步骤
- 1.获取Flink流处理运行环境
- 2.构建一个socket源
- 3.连接9999端口发送实时数据
- 4.使用flink操作进行单词统计
- 5.输出结果
代码开发
import org.apache.flink.api.java.tuple.Tuple
import org.apache.flink.streaming.api.scala.{DataStream, StreamExecutionEnvironment}
import org.apache.flink.streaming.api.scala._
import org.apache.flink.streaming.api.windowing.time.Time
import org.apache.flink.streaming.api.windowing.windows.TimeWindow
object StreamingWordCount {
def main(args: Array[String]): Unit = {
/**
* 1.获取Flink流处理运行环境
* 2.构建一个socket源
* 3.连接9999端口发送实时数据
* 4.使用flink操作进行单词统计
* 5.输出结果
*/
// 1.获取flink流处理运行环境
val env: StreamExecutionEnvironment = StreamExecutionEnvironment.getExecutionEnvironment
// 2.构建一个socket源
val socketDataStream: DataStream[String] = env.socketTextStream("node01", 9999)
// 3.对接收到的数据转换为单词元祖
val wordDataStream: DataStream[(String, Int)] = socketDataStream.flatMap(x => x.split(" ")).map(x => (x, 1))

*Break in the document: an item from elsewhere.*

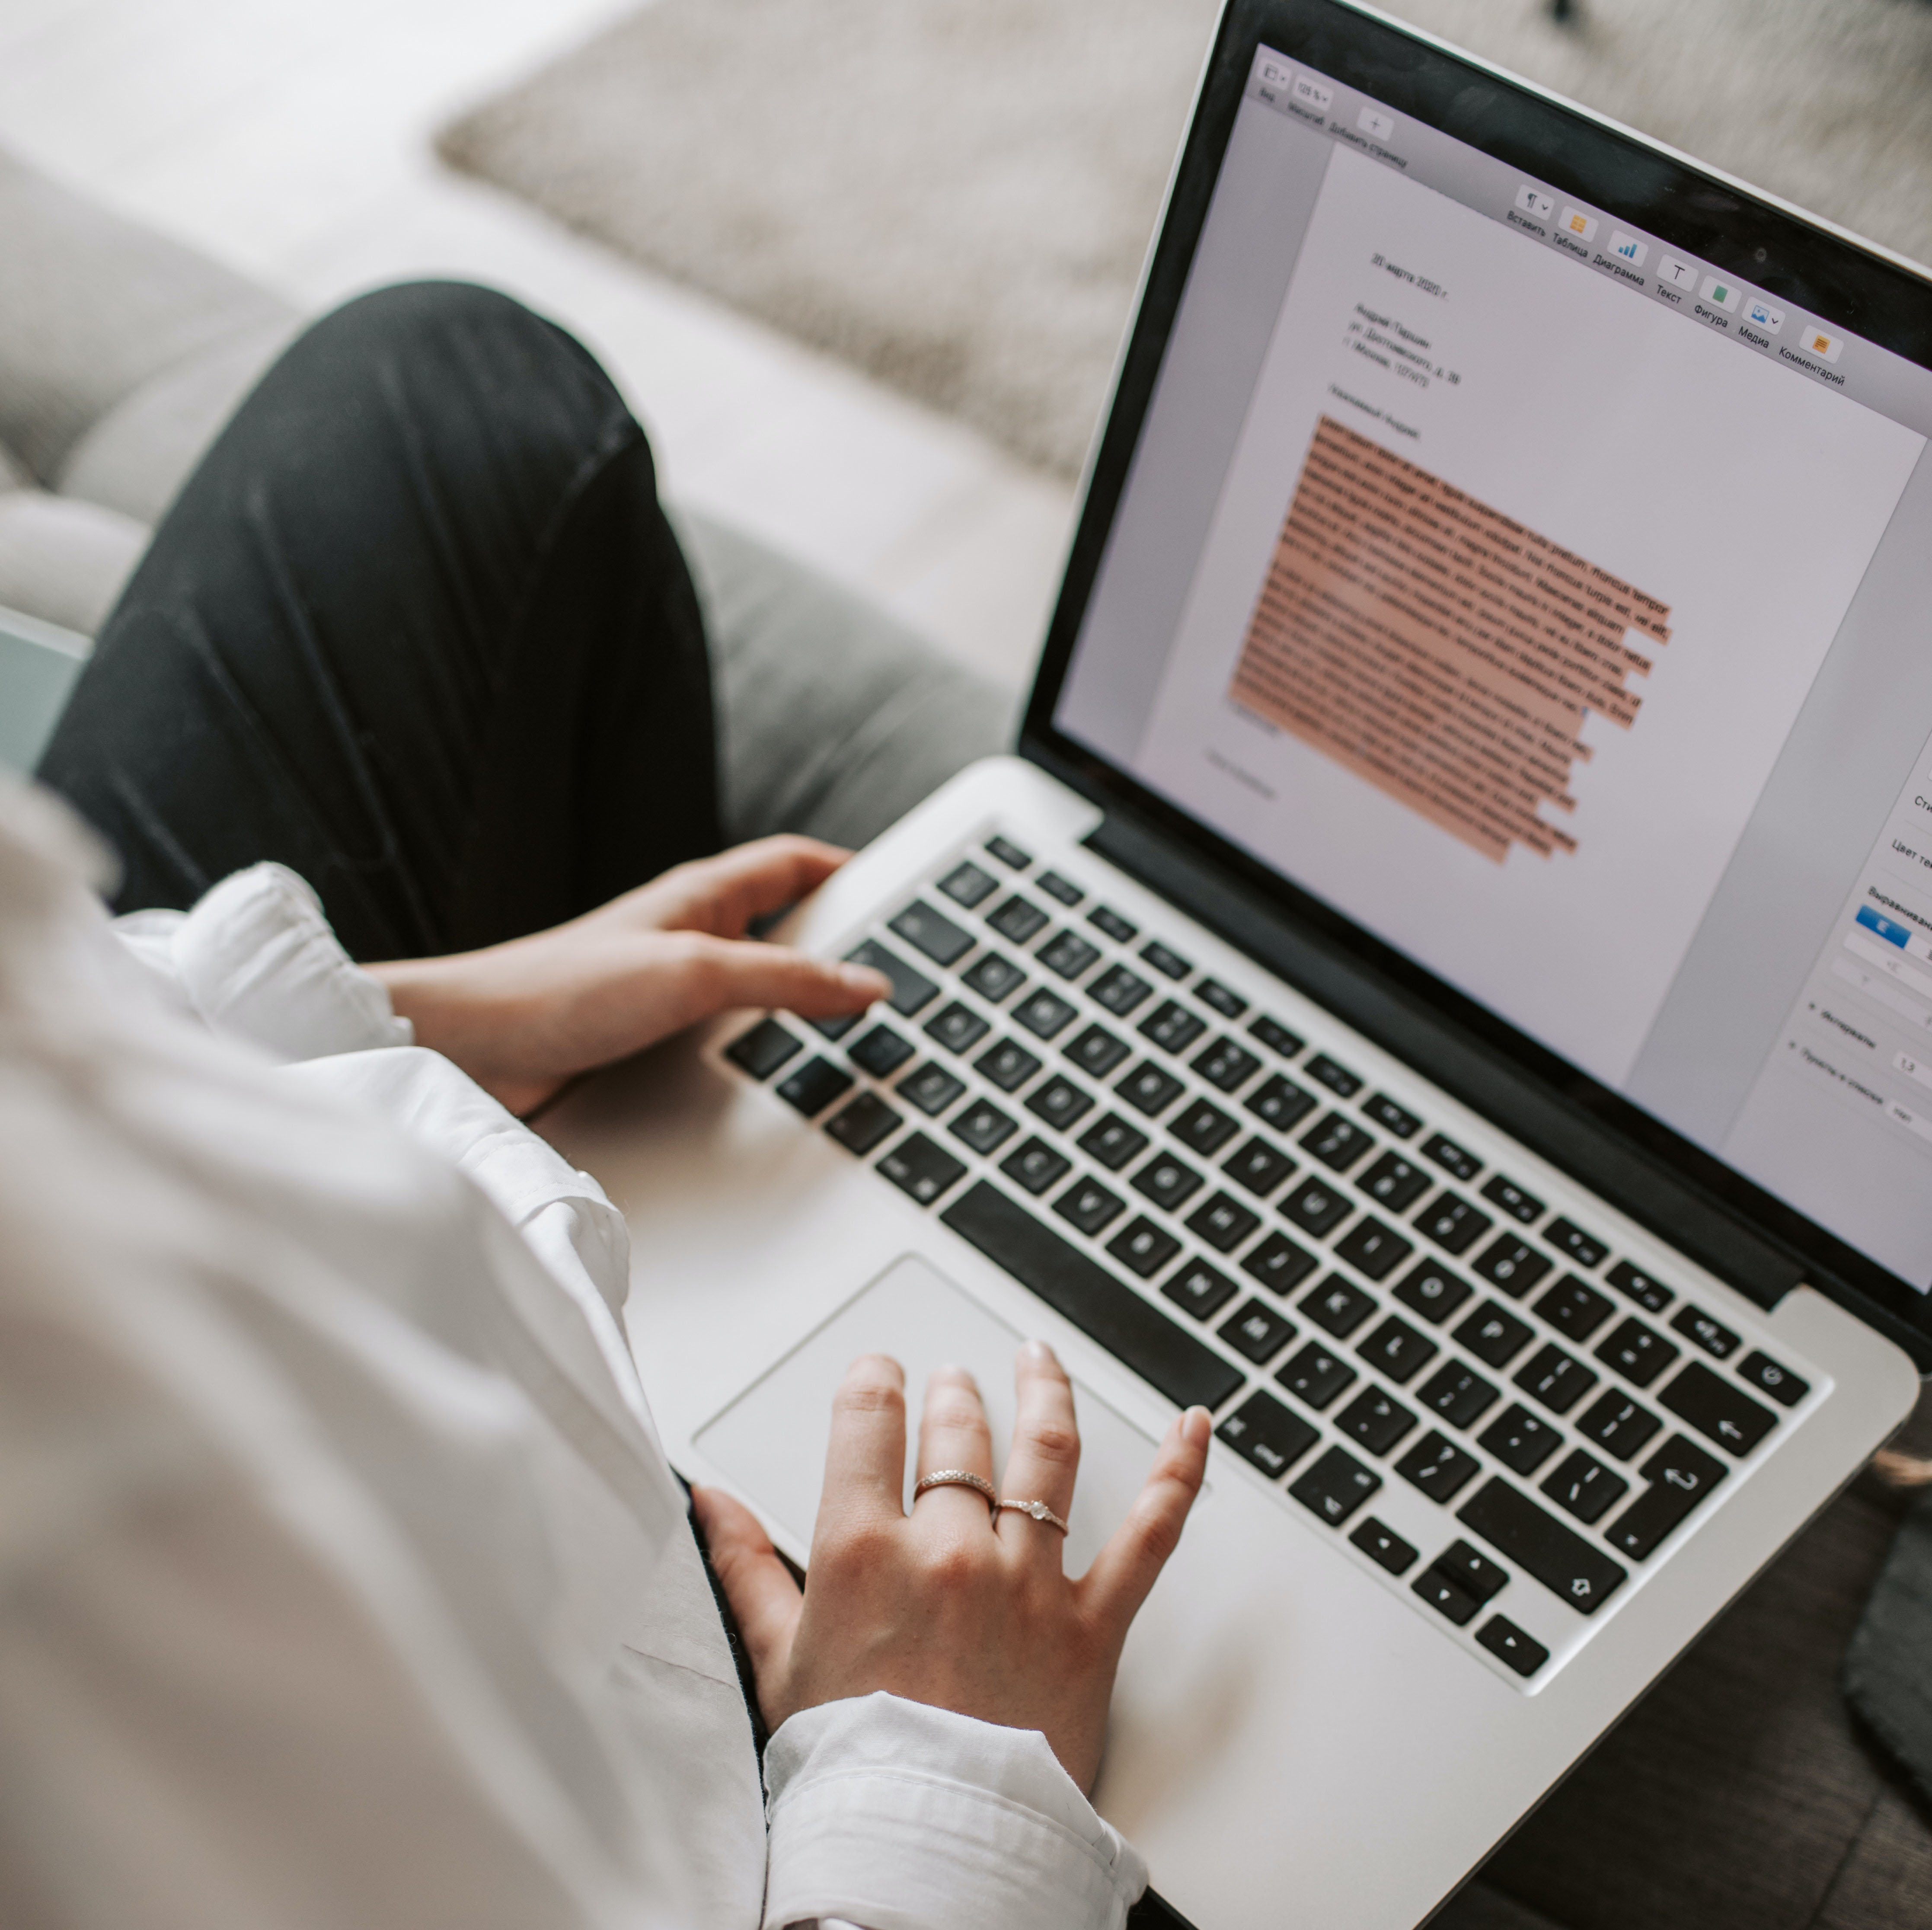 PD Técnicas cualitativas de análisis de contenido
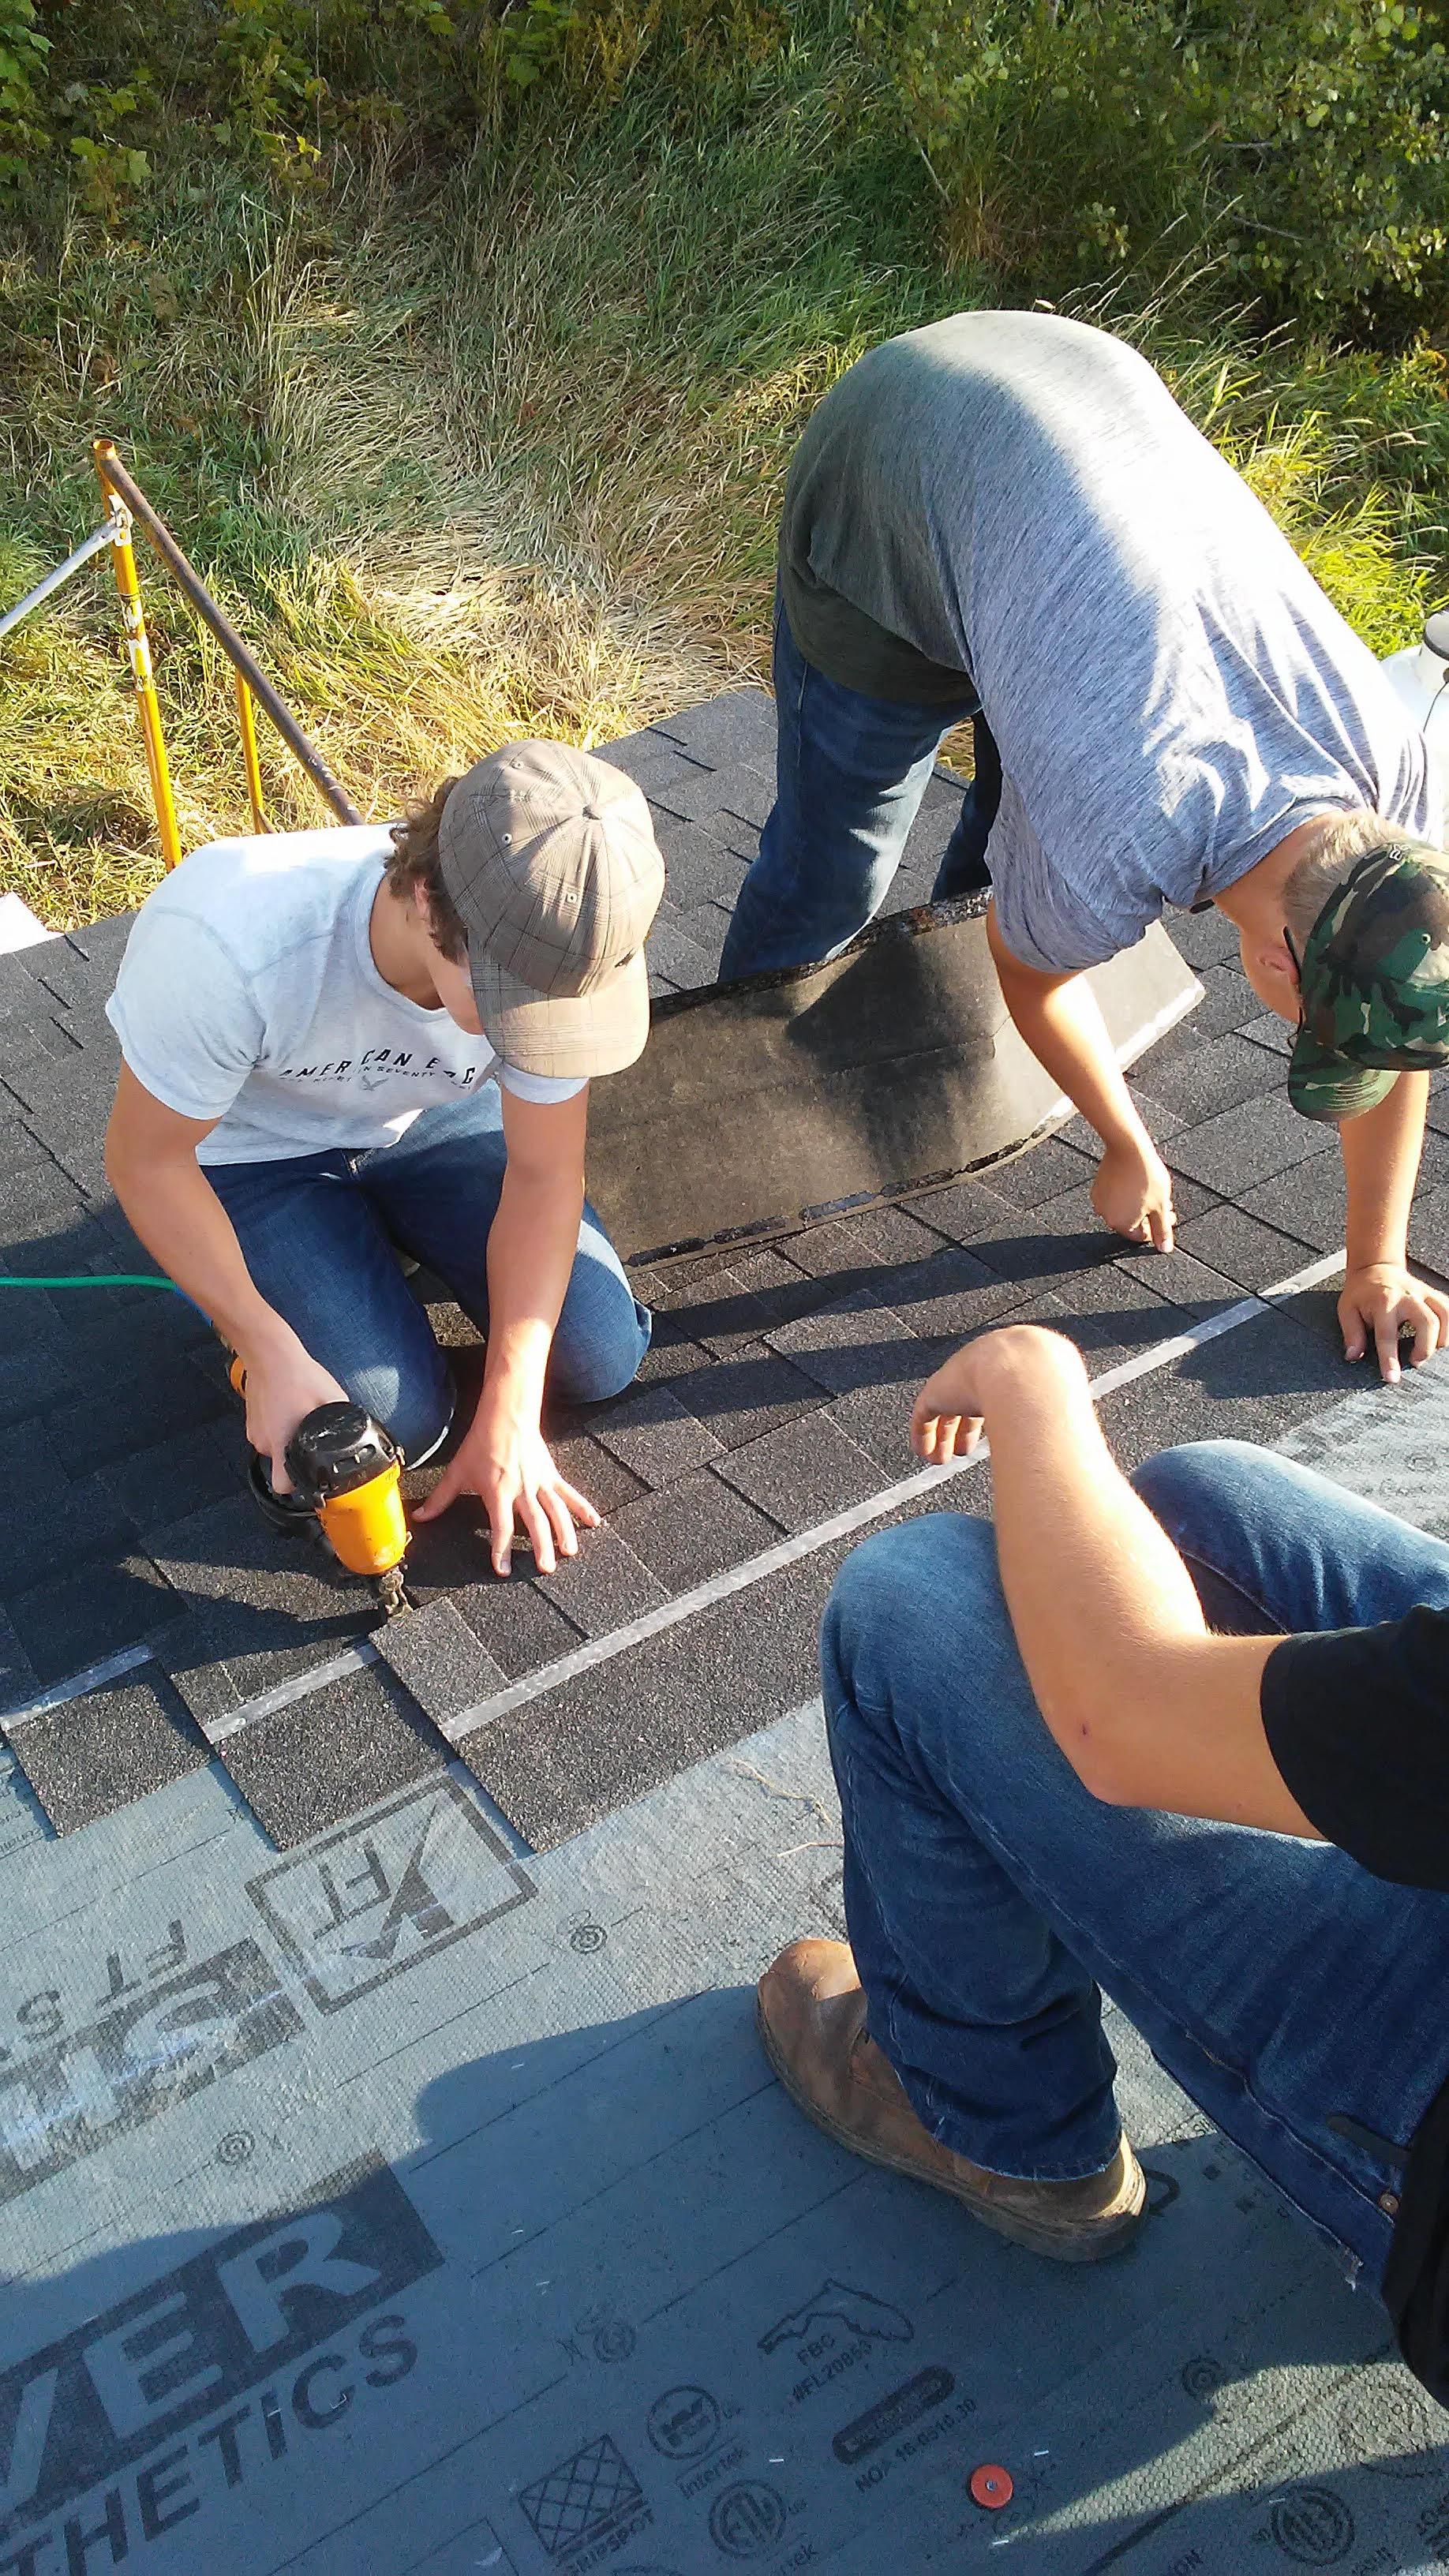 Roofing shingle installation

// 4.对拿到的单词元祖进行keyBy操作,就相当于Spark的GroupBy
val groupedDataStream: KeyedStream[(String, Int), Tuple] = wordDataStream.keyBy(0)
// 5.使用timewindow指定窗口的长度/每五秒执行一次
val windowedDataStream: WindowedStream[(String, Int), Tuple, TimeWindow] = groupedDataStream.timeWindow(Time.seconds(5))
// 6.对结果进行累加
val sumDataStream: DataStream[(String, Int)] = windowedDataStream.sum(1)
// 7.输出结果
sumDataStream.print()
// DataStream一定要执行,DataSet如果只输出到打印台不需要这一步
env.execute("StreamingWordCount")
}
}
运行结果
控制台输出结果
log4j:WARN No appenders could be found for logger (org.apache.flink.api.scala.ClosureCleaner$).
log4j:WARN Please initialize the log4j system properly.
log4j:WARN See http://logging.apache.org/log4j/1.2/faq.html#noconfig for more info.
1> (spark,2)
8> (hadoop,1)
3> (hello,2)
5> (world,1)
Process finished with exit code 0